In the previous post, I mention that in an earlier post on IO cost structure, that the cost of a table scan was approximately 1 CPU-micro sec per page, plus approximately 0.05 us per row for just a SELECT COUNT(*)
This was calibrated on a 2-way Xeon 5430 Quad-Core 2.66GHz. I should also add that the test tables have a clustered primary key, with between 3-18 columns, all fixed length not null, varying row density per page from 1 to 323. Without hints, the default locking level should be TABLOCK (?) and Max Degree of Parallelism set to 1.

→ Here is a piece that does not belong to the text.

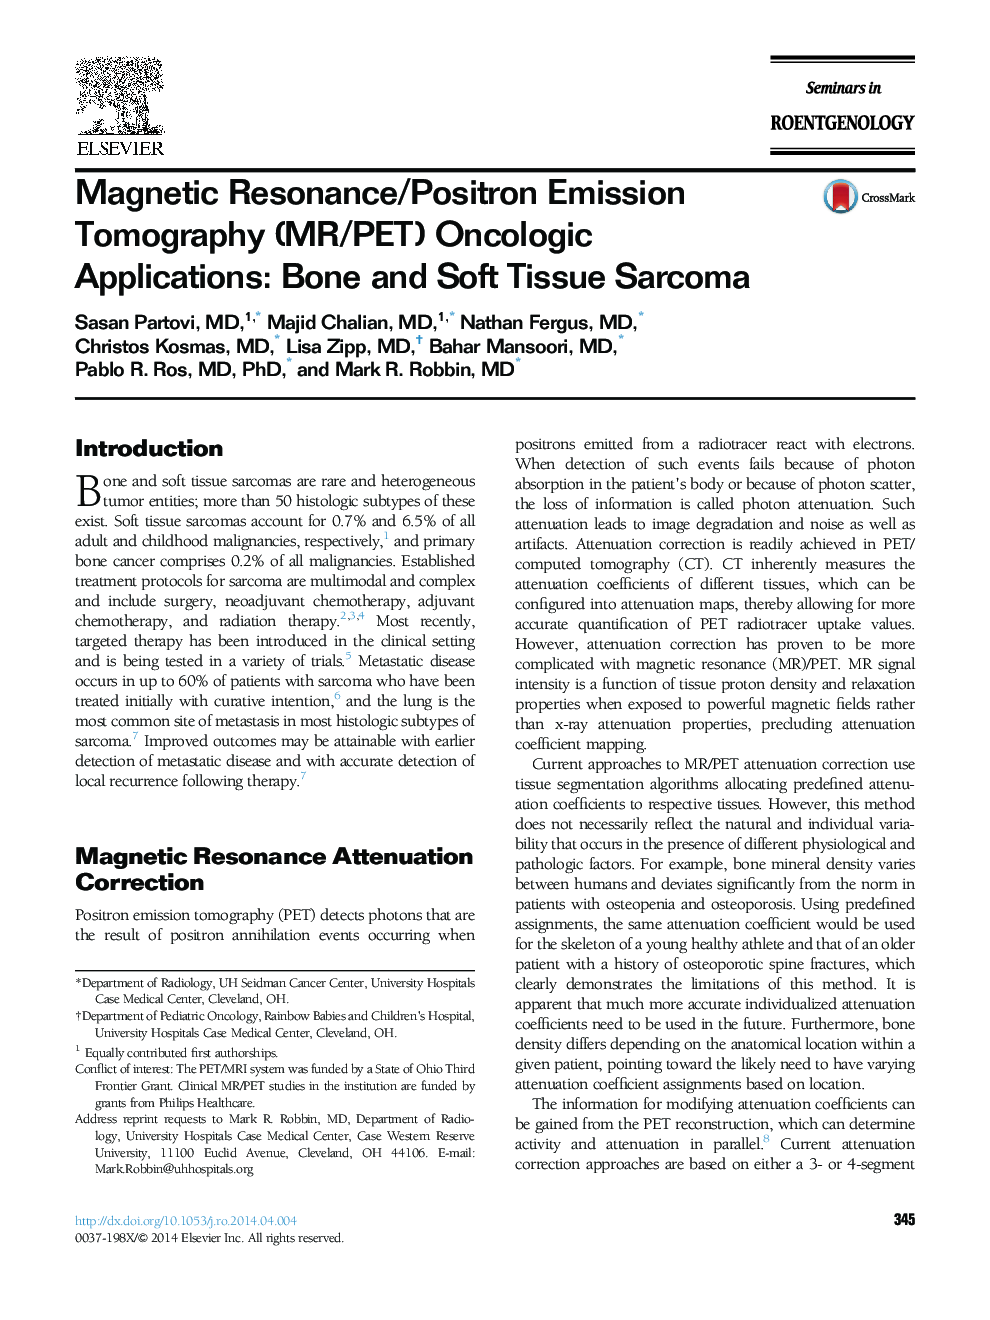 Magnetic Resonance/Positron Emission Tomography (MR/PET) Oncologic Applications: Bone and Soft Tissue Sarcoma

I just looked a table scan query to the TPC-H LineItem table at SF10 and saw significant differences. At SF10, using the SQL Server 2008 table, ie, DATE type instead of DATETIME, there are 59,986,052 rows, and 1,127,206 leaf level pages, averaging 53.2 rows per page. By my formula, I would expect the SELECT COUNT(*) FROM LineItem with a forced clustered index scan would cost around 3.5 micro-sec per page, instead I observed 5.8 micro-sec per page.

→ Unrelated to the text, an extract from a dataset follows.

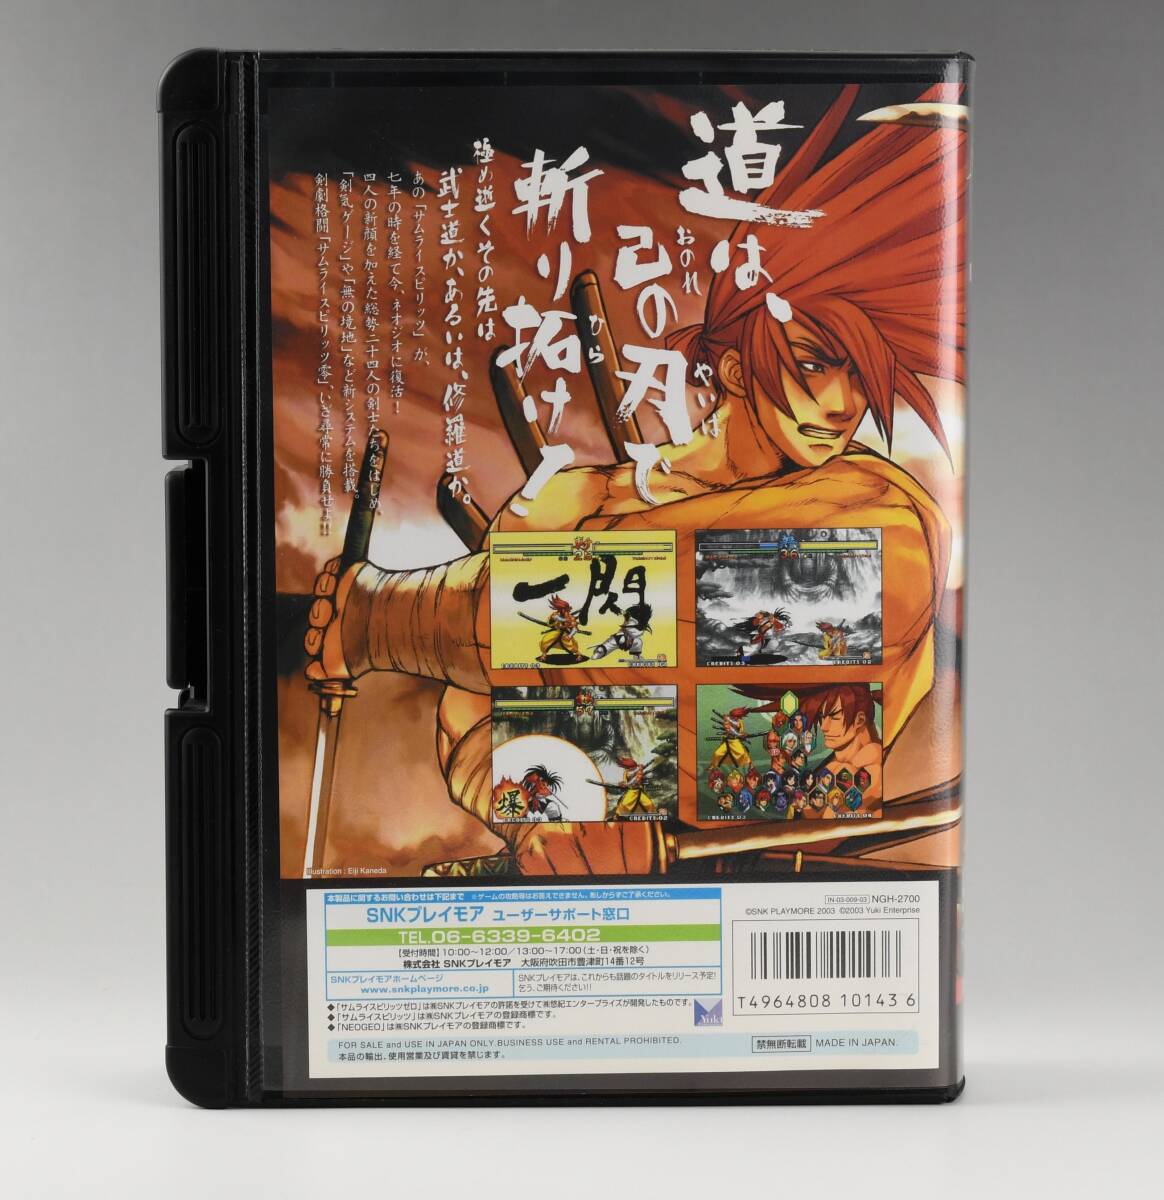 SNK Play moa Samurai Spirits 0 NEOGEO ROM cartridge used beautiful goods

So why is the scan on LineItem much more expensive than the calibration from my tests? Is it because the LineItem table has 1 varchar(44) column? or because the LineItem clustered index is not unique? I need to find out, as you heard what I said about people who speculate, without investigation.
So additional information on aggregation: SUM(float) costs the same as SUM(int), there is nearly no difference between SELECT COUNT(*), SUM(float) and SELECT SUM(float), so if you aggregate any column, the count is free. Anyways, the first SUM is about 0.20 micro-sec per row on top on the COUNT(*). A SELECT MAX() is just slightly less expensive than a SUM(), around 0185 micro-sec per row. Adding a second, third or fourth SUM() or AVG() contributes about 0.05 micro-sec per col aggregated. However, SELECT SUM(Col1), AVG(Col1) does not incur the extra column penalty, SELECT SUM(Col1), MAX(Col1) does incur the additional col cost.
thanks to Mario (http://sqlinternals.com/) for looking at what the SQL Server engine actually does in SELECT COUNT(*) FROM Table, and to Kevin who is big into what code paths should be,
and likes to count CPU-cycles (might be an indication of a lack of social life,
of course if chicks like to count cpu-cycles, I might get out more myself)
3 Billion cycles per second, and he still wants to nickel and dime the 133 per row.
So that's why I fired up my little debugger and did some tracing (on my AMD Athlon PC, win x32, running SS2005 SP2).
And I was surprised to find you are actually right.
SqlServer *does* touch every row, in order to optimize this process it does use hardware prefetching, and it scans the rows using the row lenghts starting from the bottom of the page.
This is for counting.
For a max or avg it drags in all the column data using memcpys, and applies max or avg functions, the actually referencing the data makes the story of course much more expensive. Here it depends if prefetching does what it should do, how long the memory latencies are..are they local (in NUMA cases), and how costly the cache coherency process behind this is.
So the cost of accessing data depends also (much) on the architecture of your box and the amount of sockets. And not only what you measure using on cpu. But since you say that you are damn careful and this is not your first day doing cpu measurements, i guess you are aware of all that..
the parts that I highlighted above imply that scaling is not linear, ie, a test on one processor, or with OPTION (MAXDOP 1) does not scale with the number of processors, either using a single query with a parallel execution plan, or from multiple concurrent non-parallel execution plans.